Thanks Tom will give the apple juice a shot and report back. How long to letthe yeasy grow in the juice before adding to the must? Should it be stirred in or just poured on top? Sure appreciate your help on this.
Troy


----------



## Tom (Oct 9, 2009)

Most of the time the yeast drops in solution. If it just stays on top after 20 min give it a stir w/ sanitized spoon.
30 min is avg for me to wait. (don't watch the clock it Will take forever that way)


----------



## arcticsid (Oct 9, 2009)

Got ya, but I was wondering about adding the starter to the must, usually i just pour the activated yeast on top without stirring, should I treat the starter the same way? How long should I let the starter go after pitching the yeast into it. I feel odd asking this many questions, but so far have had good luck as an amateur wine maker, and am really worried about this batch.

Benn sitting there for like 3 days after I pitched the initial yeast. Is there going to be any problem because it has not begun a fermentation at this point?
Troy


----------



## Tom (Oct 9, 2009)

Tom said:


> Most of the time the yeast drops in solution. If it just stays on top after 20 min give it a stir w/ sanitized spoon.
> 30 min is avg for me to wait. (don't watch the clock it Will take forever that way)


This for a starter. I start it in a tall glass. I pitch it in 30 min or so.


----------



## Wade E (Oct 9, 2009)

You shold be ok for another couple of days on the must and dint even think about the natural benzoate with cranberries, I always seem to forget allabout that.


----------



## arcticsid (Oct 9, 2009)

Well as we speak, I have about 12 oz. of apple juice cooling down in a sterilized glass waiting for it to come down too100F, also have a makeshift stireer from a plastic coat hanger sitting in a k meta solution. The drill will be here in a few minutes and I am going to aerate it good and add the starter after it has time to grow.

Thanks again for all your help. Don't like cranberry wine enough to go through this again, next tiime I will just make liqueur with them.

It does however have a nice flavor and color with the addition of the Pomegranate juice. I think after it ferments out dry it actually may be quite swell. I hope I can get it that far.
Troy


----------



## arcticsid (Oct 9, 2009)

That is some amazing S$$$! I pitched 1 sachet of Cuvee in about 12 ounces of 100/F apple juice. The yeast almost immediately settled to the bottom. Within a few seconds it started to roll and grow right before my eyes. It has been 30 mins but I am going to give it another 15 just because I can. I may be sold on starters from this point forward.!
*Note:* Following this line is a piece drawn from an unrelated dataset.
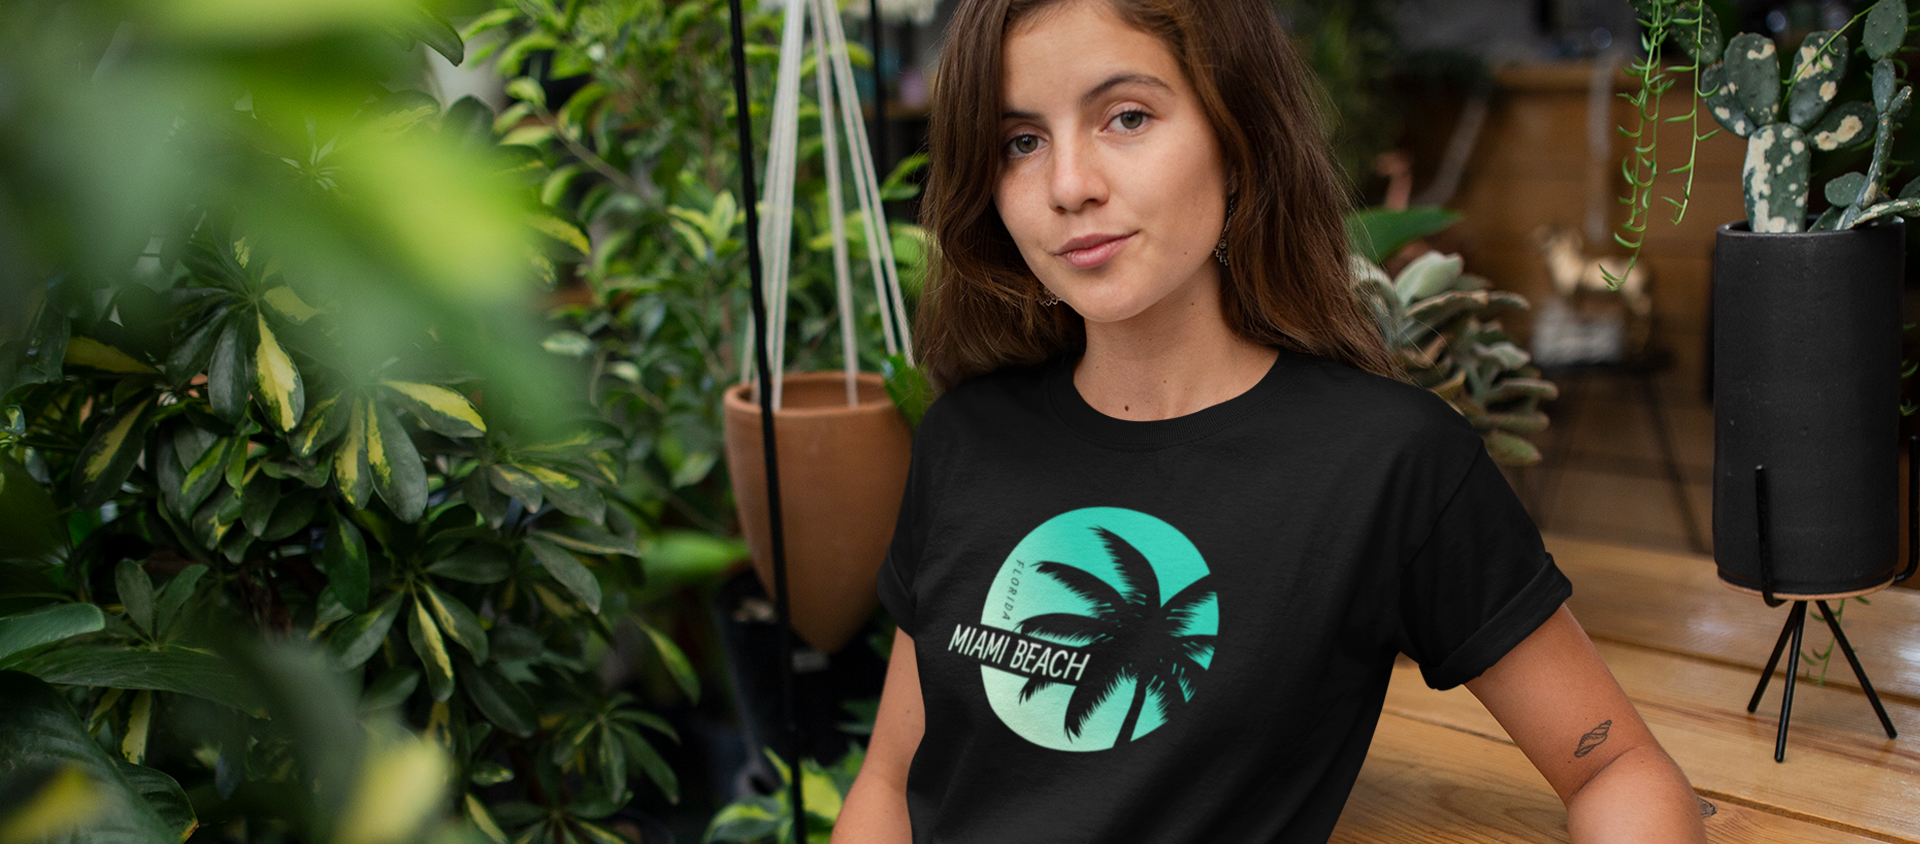 T-Shirt Business Sales nach Woche 3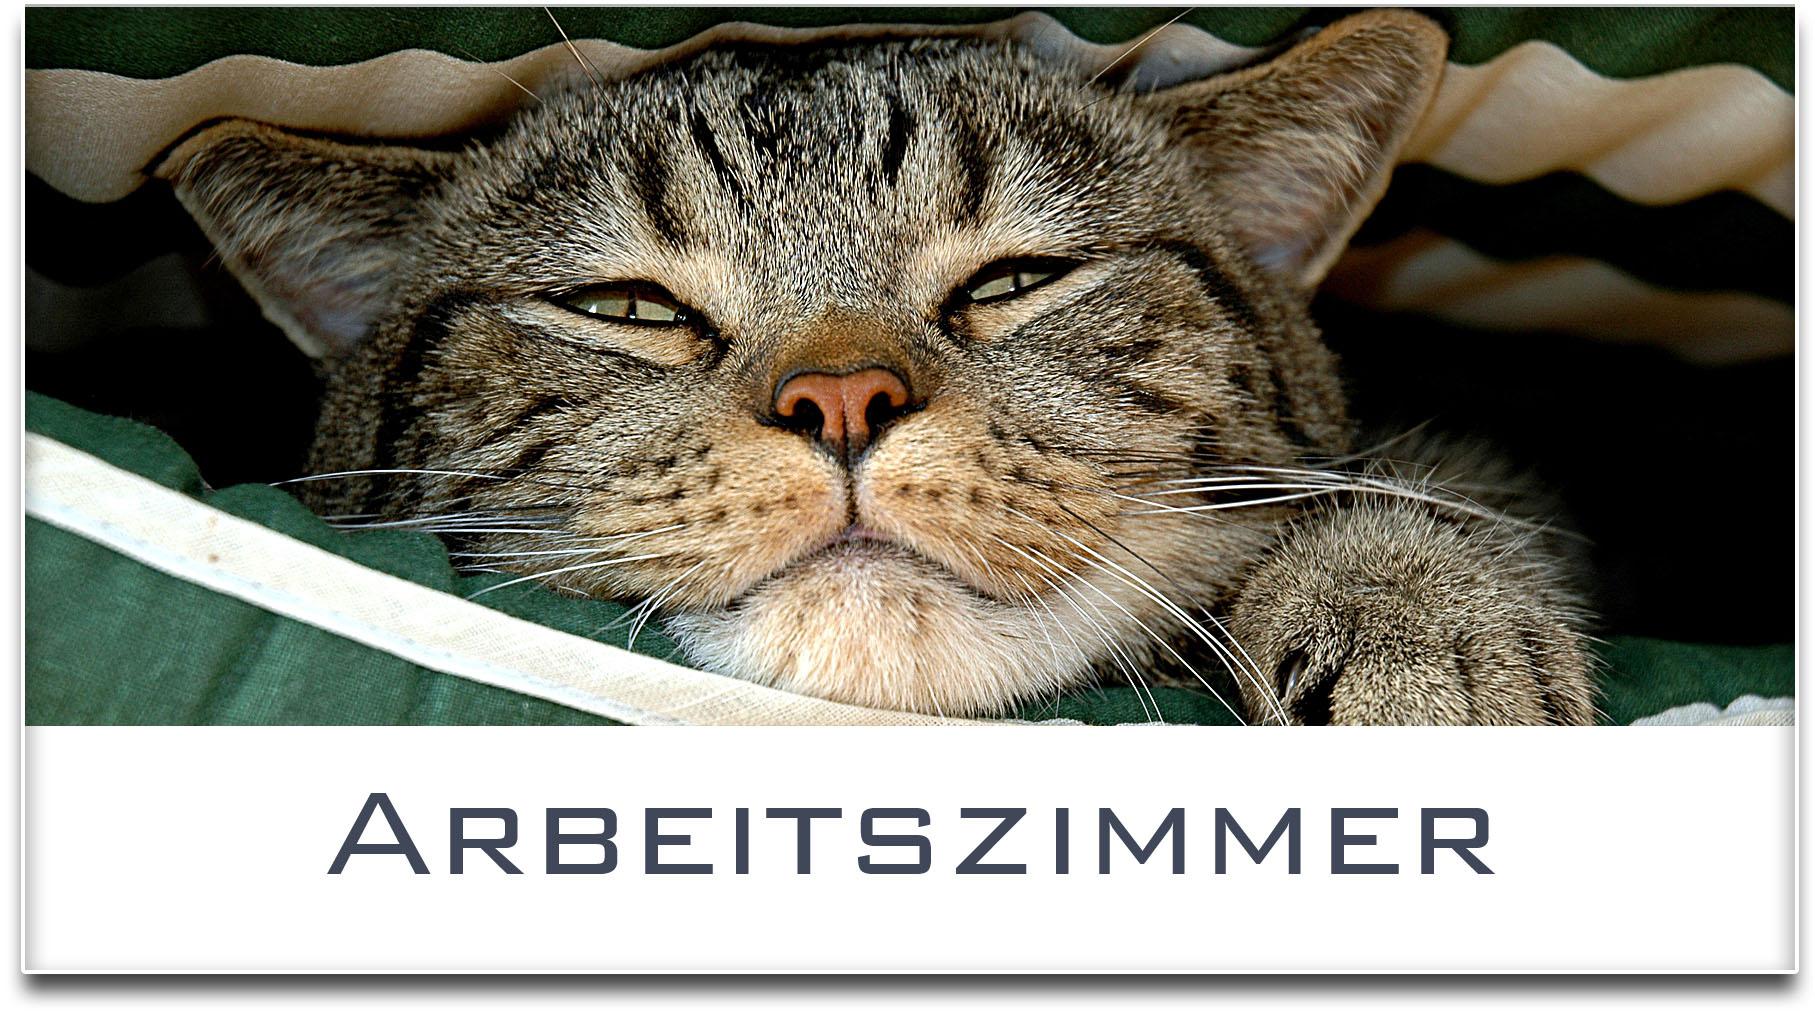 Türschild / Haustürschild / Katze / Arbeitszimmer / Selbstklebend

During this time I took the stirrer to the must and aerate it pretty good.

I am still maintaining 1.095 a 74/F.

Will pitch the starter and report back later on this evening.

Did a little research on benzoate, sounds like that stuff will stop or prevent a fermentation just as easily as too much sulfites or sorbates.

Talk to yall later
Troy


----------



## Racer (Oct 9, 2009)

If you haven't pitched the yeast yet try adding some of the must to the starter first like 1/4 cup and let it go for an hour so the yeast might get better acclimated to the harsher conditons first.


----------



## arcticsid (Oct 9, 2009)

I was just going to add it to the must before I checked back in, I think I may do that, but hell racer, the starter is going pretty darn good, would hate to change something that seems to be going pretty well


----------



## Tom (Oct 9, 2009)

Wouldn'y hurt to do what racer said..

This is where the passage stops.